#### Work item:
Word for word, output every line of the material below, minus pictures.

#### Material provided:
----

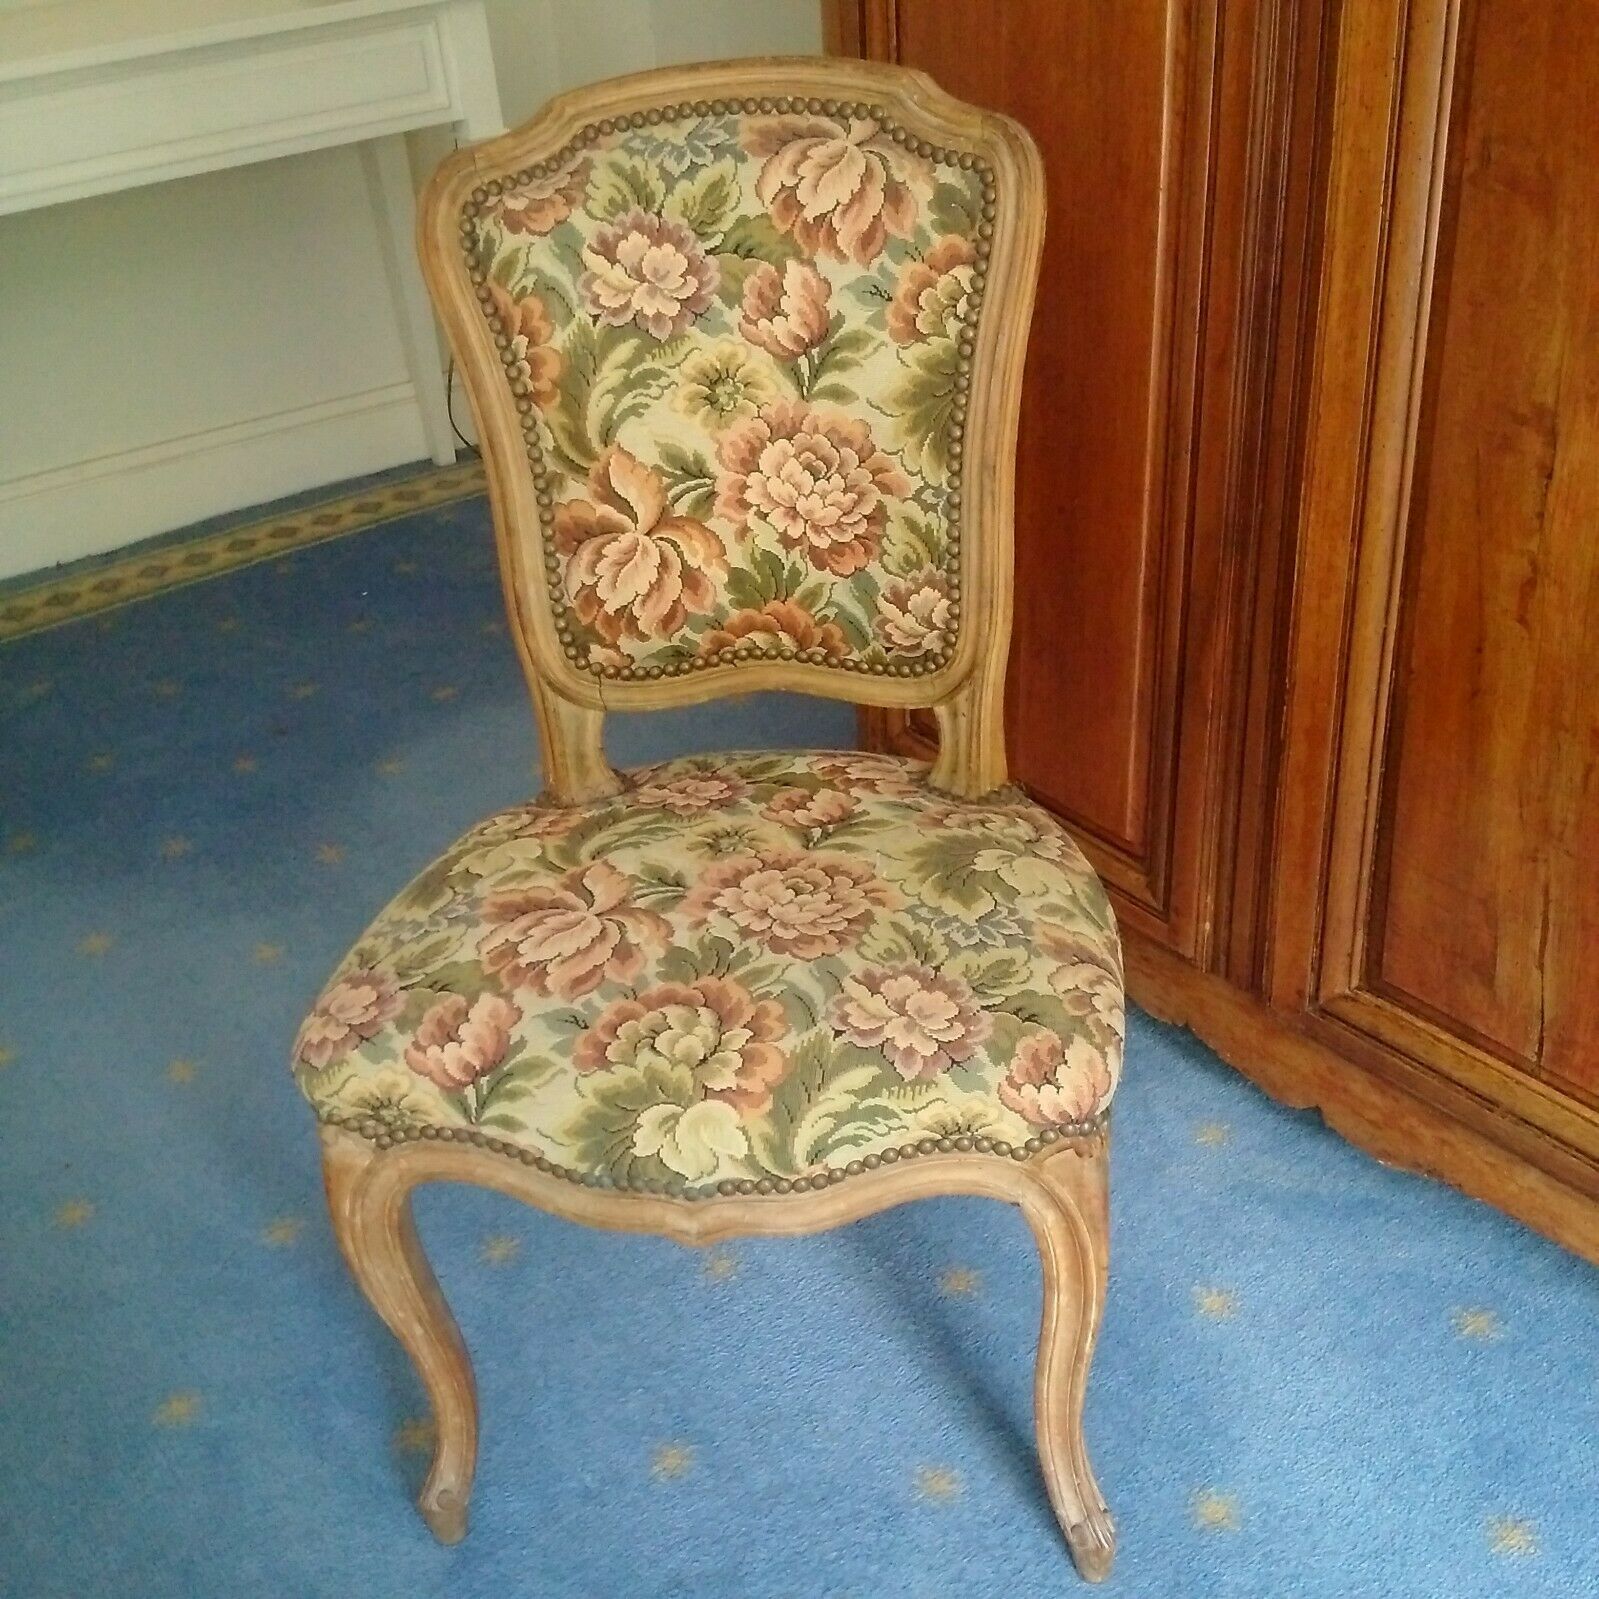 Antique Valuations: LOUIS XV STYLE CHAIR OAK FRAME TAPESTRY UPHOLSTERY PARLOR STYLE
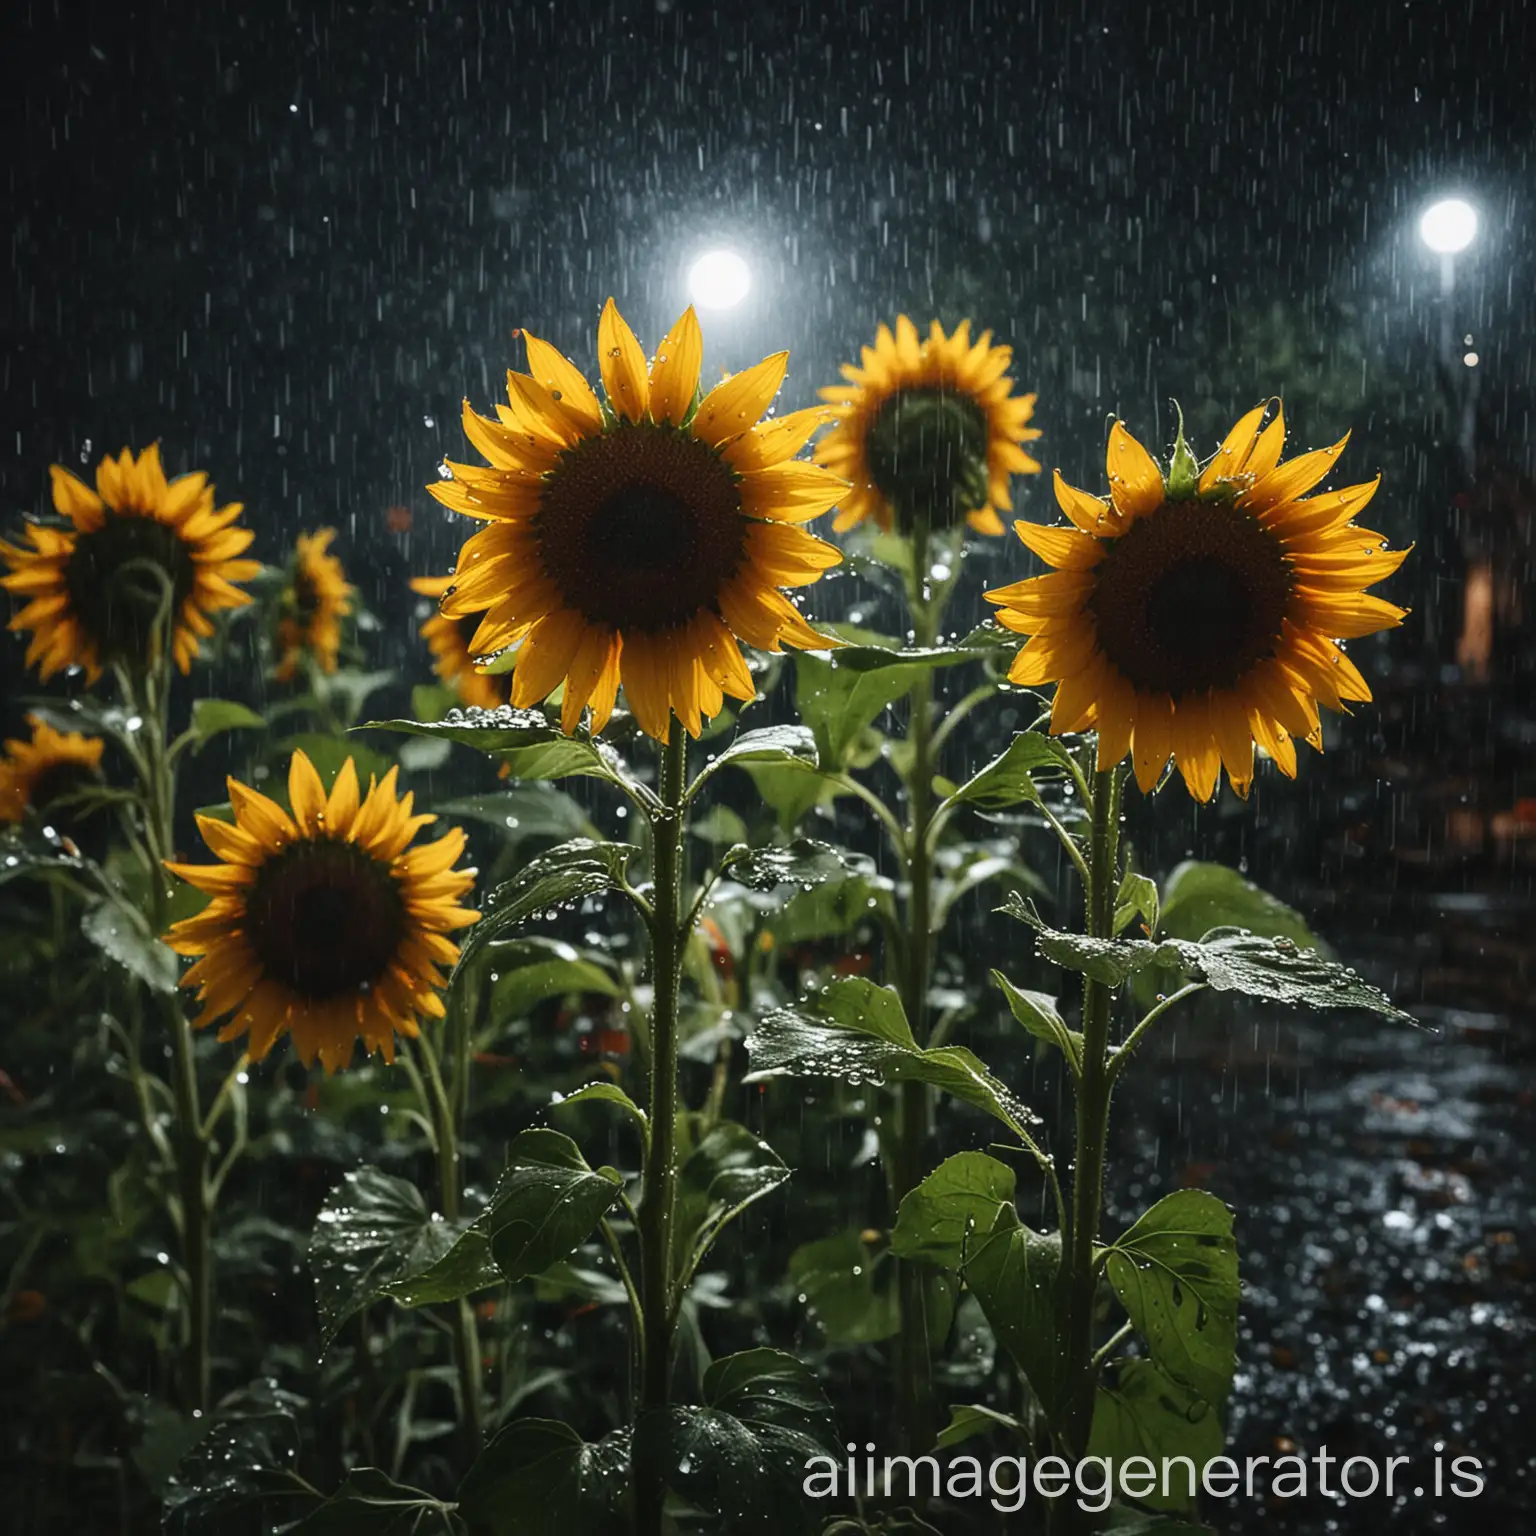 Sunflowers-Blooming-in-a-Rainy-Night-Garden
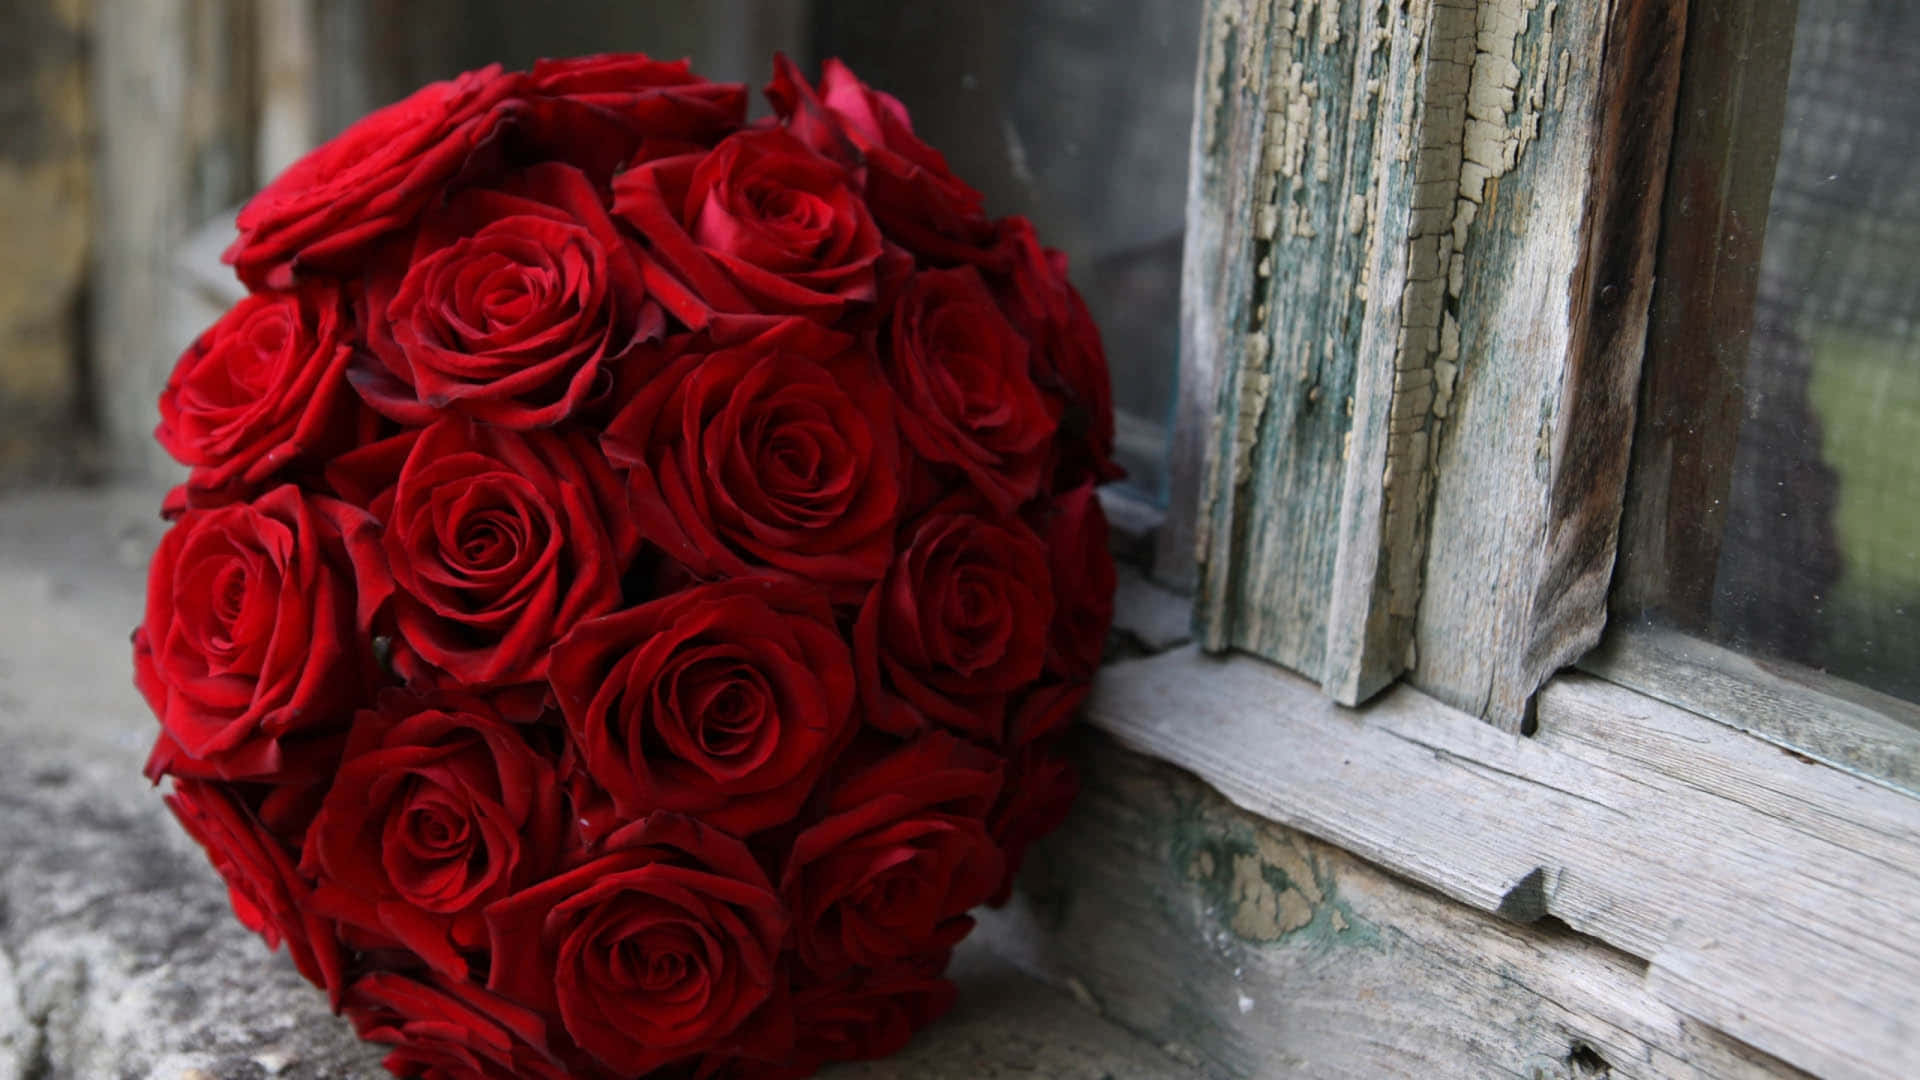 1440p Red Roses Bouquet Background
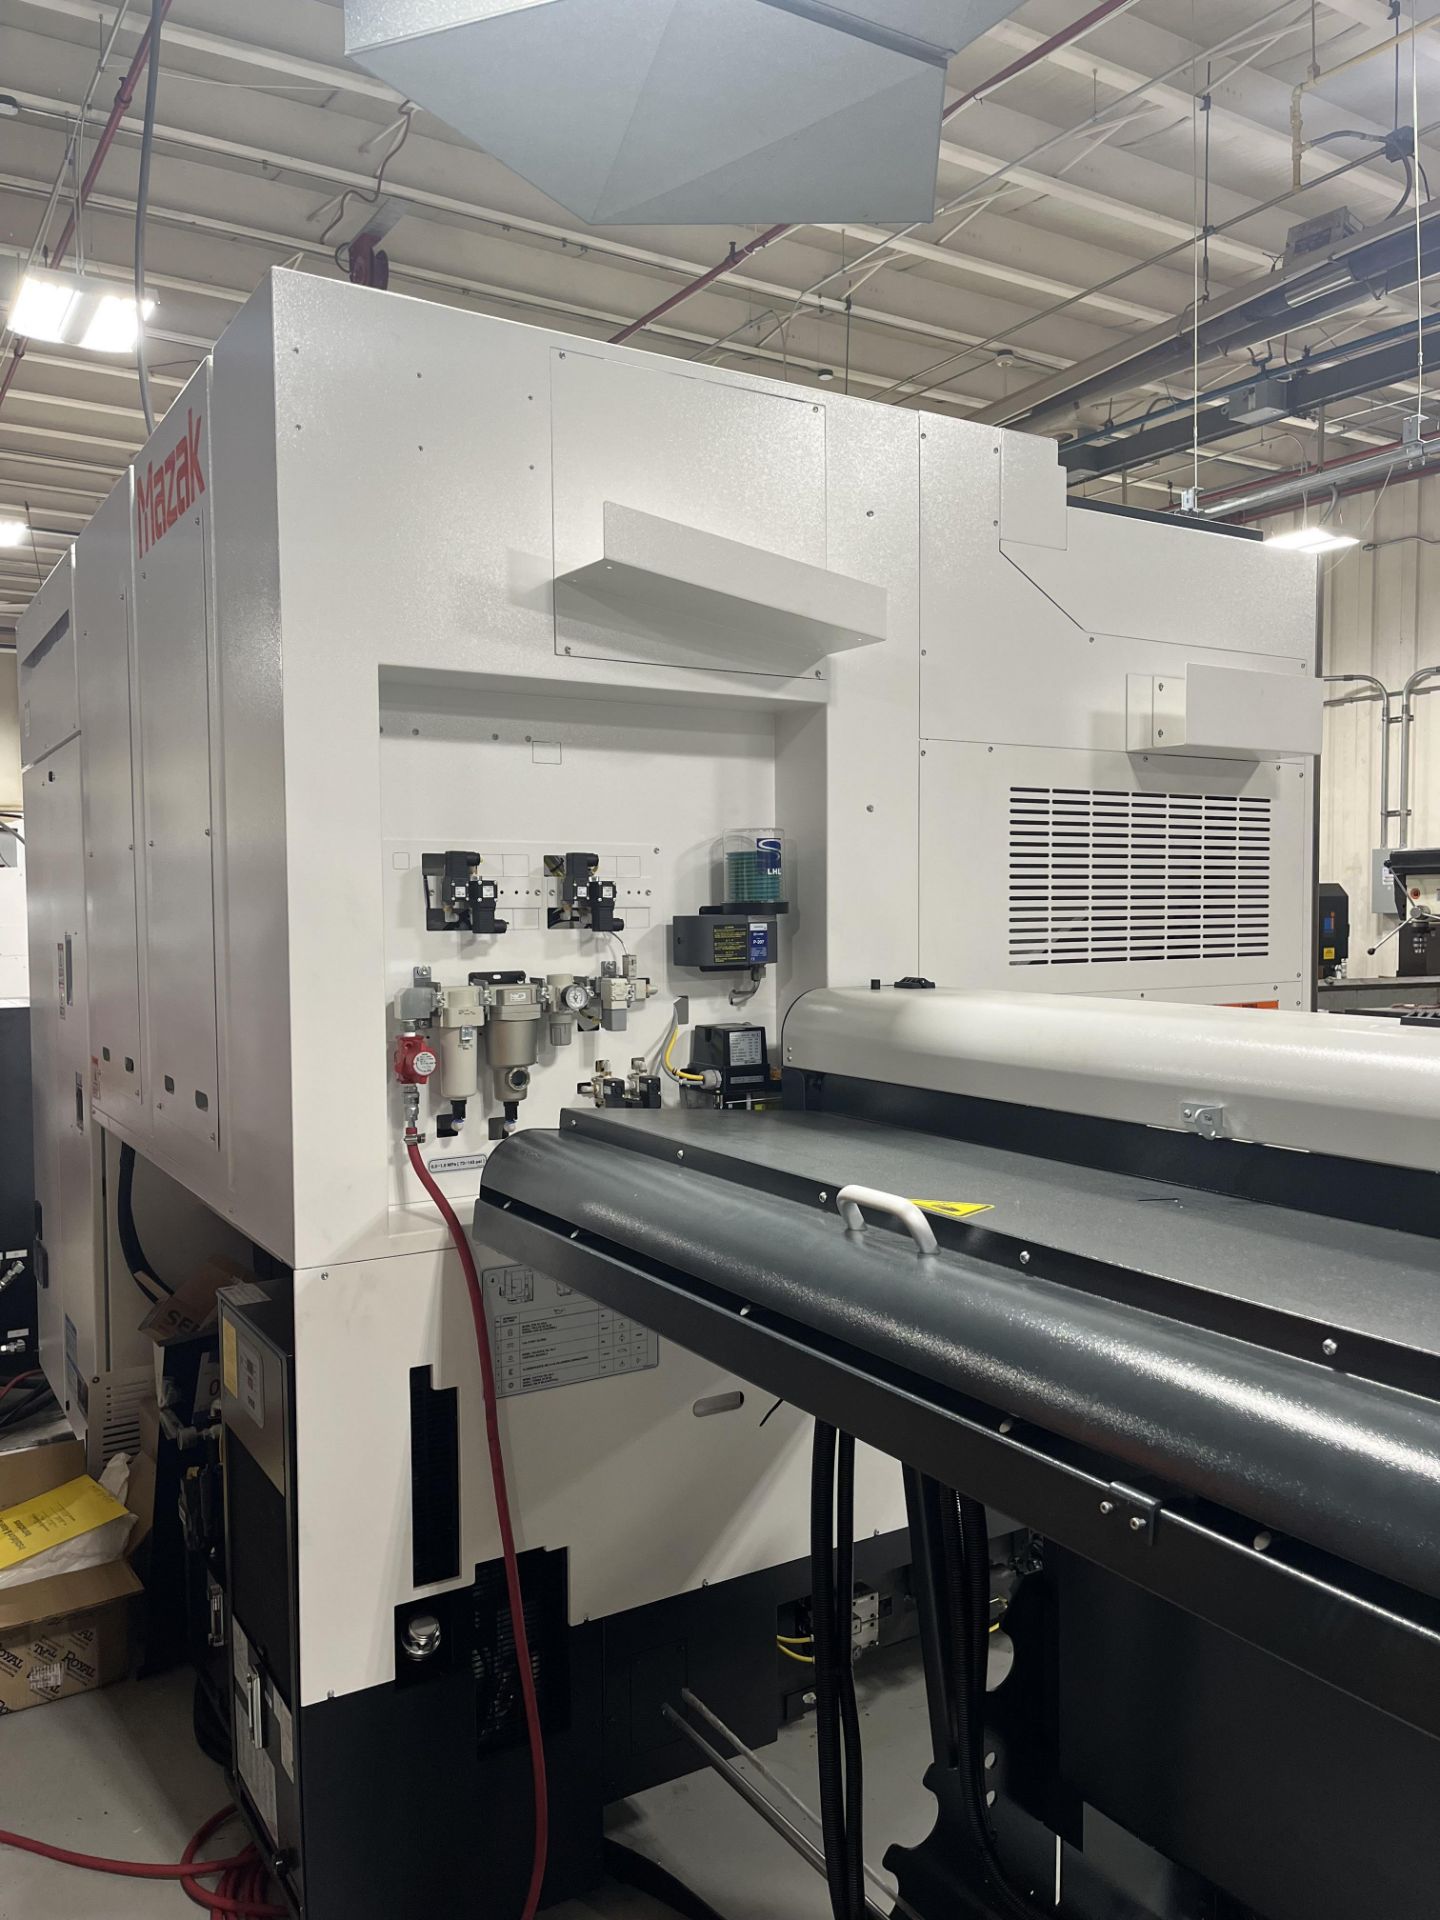 2022 Mazak HQR-100MSY Twin Turret / Twin Spindle / Live Tooling / Bar Feeder CNC Lathe - Image 5 of 13

----

#### Answer for the task:
 Antique Valuations: LOUIS XV STYLE CHAIR OAK FRAME TAPESTRY UPHOLSTERY PARLOR STYLE
 Sunflowers-Blooming-in-a-Rainy-Night-Garden
 1440p Red Roses Bouquet Background
 2022 Mazak HQR-100MSY Twin Turret / Twin Spindle / Live Tooling / Bar Feeder CNC Lathe - Image 5 of 13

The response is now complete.